ANKARA – Kobanê Davası’nda savunma yapan Avukat Erhan Ürküt, suçlama konusu yapılan eylemlere tepki göstererek, “Sanığın örgütsel birtakım eylemlerinin olduğu yazıyor. Ali Ürküt'ün ‘kardeş kanı akmasın’ demesi mi örgütsel eylem?” diye sordu.
DAİŞ'in Kobanê’ye yönelik saldırısının ardından Kurdistan ve Türkiye’de 6-8 Ekim 2014 tarihinde başlayan eylemler gerekçe gösterilerek Halkların Demokratik Partisi (HDP) eski Eş Genel Başkanları Figen Yüksekdağ ve Selahattin Demirtaş’ın da aralarında bulunduğu 18’i tutuklu 108 isim hakkında açılan dava sürüyor. Kamuoyunda "Kobanê Davası" olarak bilinen davanın 34’üncü duruşmasının 3’üncü periyodu bugün Sincan Kapalı Cezaevi Kampüsünde bulunan Ankara 22’nci Ağır Ceza Mahkemesi'nde görüldü. Duruşma, tutuklu yargılanan siyasetçi Ali Ürküt’ün avukatı Erhan Ürküt’ün savunmasıyla devam etti.
‘TOPLANTI ÜZERİNE ÖNÜMÜZDE 2 MİLYON KAĞIT VAR’
Kobanê Davası’nda somut bir suçlamanın bulunmadığına dikkat çeken Ürküt, “Olayın özü MYK toplantısına katıldın, mı katılmadın mı? Katıldıysan vay haline, katılmadıysan da vay haline. Bu toplantı meselesi üzerine 2 milyon kağıt var önümüzde. ANF sitesinin haberleri sık sık iddianamede ve mütalaada paylaşılmıştır. Biz iyi biliyoruz, BTK'dan da sorulmasını istiyoruz: İddia edilen 19 Eylül 2014 ile 30 Aralık 2020 tarihleri arasında ANF haber ajansına Türkiye'den erişim var mı yok mu? Erişim yoksa Ali Ürküt ANF haber ajansından paylaşılan örgütün talimatlarından nasıl haberdar oldu. Tüm açıklamaları nasıl okudu? İddia makamı bunu delilleriyle ortaya koymak zorundadır. Bizler birçok habere dosyaya ile ulaştık” diye konuştu.
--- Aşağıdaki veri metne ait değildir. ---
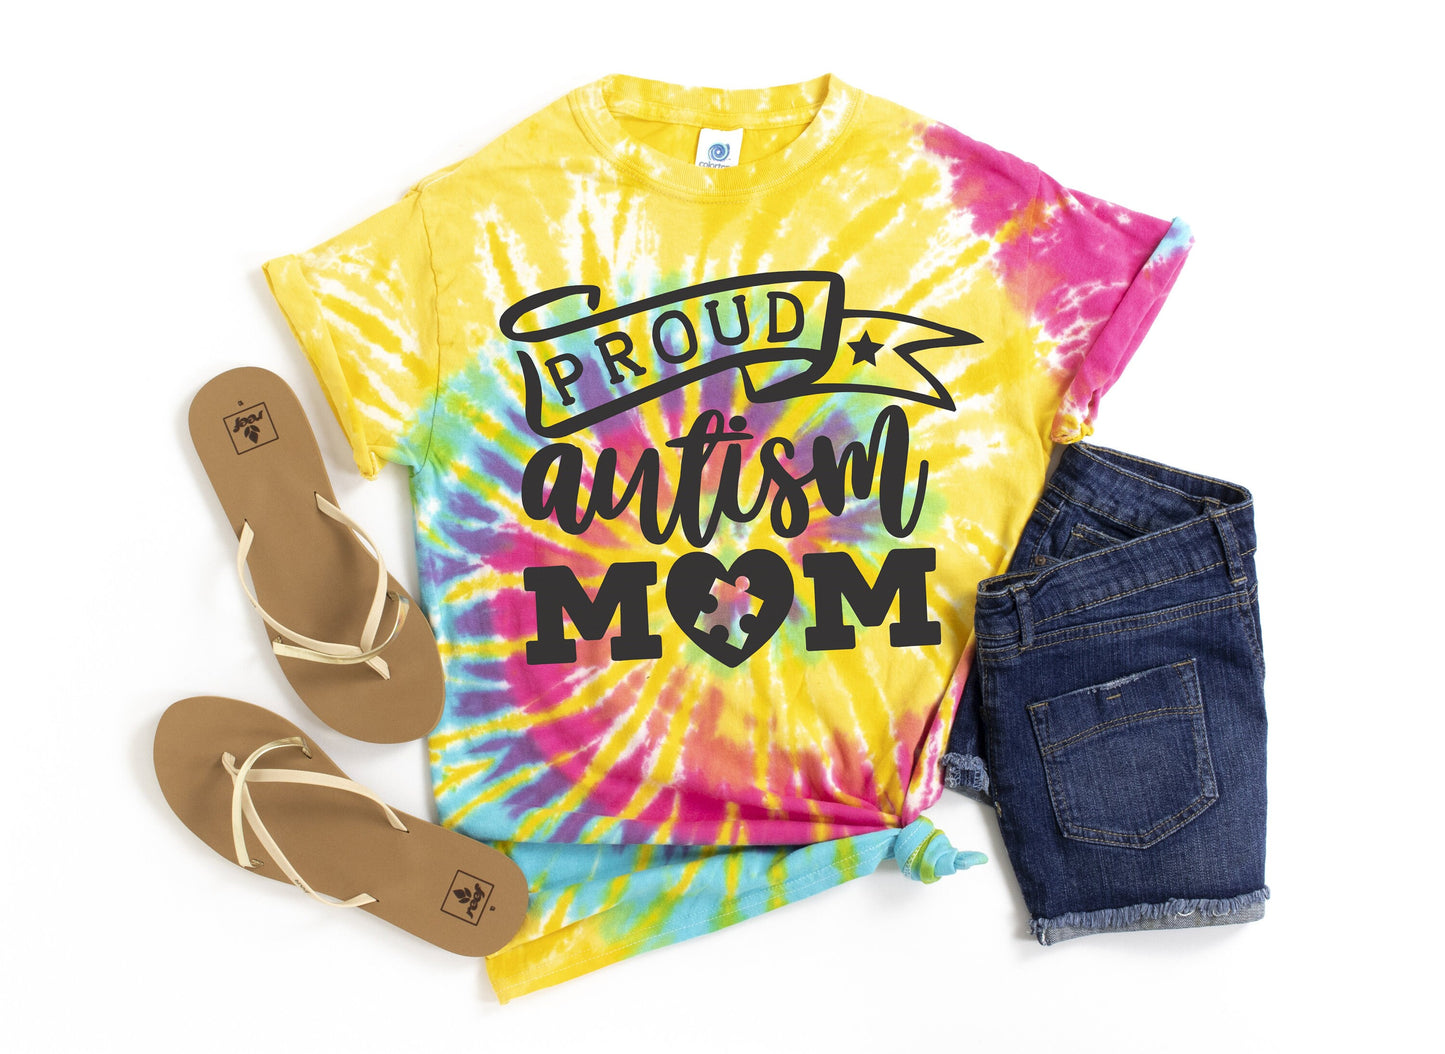 Proud Autism Mom Tie Dye t-shirt - Kids and Adults Sizes - Autism Mom Shirt - Autism Awareness - Autism Mama Bear Shirt - Autism Support

‘ÜRKÜT’ÜN KANDİLE GİTTİĞİNE DAİR SOMUT KANIT YOK’
İddia makamının eski defterleri karıştırdığını söyleyen Ürküt, şunları belirtti: “Müvekkilin yasa dışı örgüt üyesi olduğuna dair kesin bir hüküm yok. Yasalarla kurulmuş siyasi parti yöneticisi olduğu bir dönemde yapmış olduğu bir açıklama karşımıza Kobanê olaylarının gerekçesi olarak çıkıyor. Hikayeleri okumaya devam ediyoruz anlayacağınız. İddia makamı, ‘Sanığın, Şırnak-Habur Kara Terminalinden 01 Temmuz 2012 tarihinde yurtdışına giriş çıkışları tespit edilmiştir. Sanığın bu tarihte Kandil'e gittiği ihtimalinin çok yüksek olduğu anlaşılmıştır’ diyor. İddia makamının öngörüsüne hayran olduğumu belirtemem gerek. Bu nasıl bir iddiadır! Ali Ürküt’ün 2012'de Kandile gittiğine dair somut bir belge yok. Fotoğraf, video kaydı veya bir tanık beyanı dahi yok. Dosyayı çocuk oyuncağına çevirdiniz. İnsanların hayatı ile oynuyorsunuz.”
‘ÖRGÜTSEL EYLEMLER NEDİR?’
Ürküt son olarak suçlama konusu yapılan eylemlere dikkat çekerek, “Yüksek Seçim Kurulu (YSK) milletvekili adayı olmanız için adli sicil kaydı ister. Eğer adli sicil kaydınızda bir şey yoksa aday olursunuz. İddia makamı yasalarla kurulmuş bir partiden milletvekili adayı olmayı örgüt üyesi olarak nitelendiriyorsa muhtemelen bizim bilmediğimiz ve kendisinin doğaüstü güçlerle ele geçirdiği yasaları vardır. Bunların dışında 25 Kasım 2019 tarihli deliller bölümüne alınan Araştırma Tutanağında sanığın örgütsel birtakım eylemlerinin olduğu yazıyor. Nedir bunlar? Ali Ürküt'ün ‘kardeş kanı akmasın’ demesi mi örgütsel eylem?” dedi.
Duruşmaya yarın devam edilmek üzere ara verildi.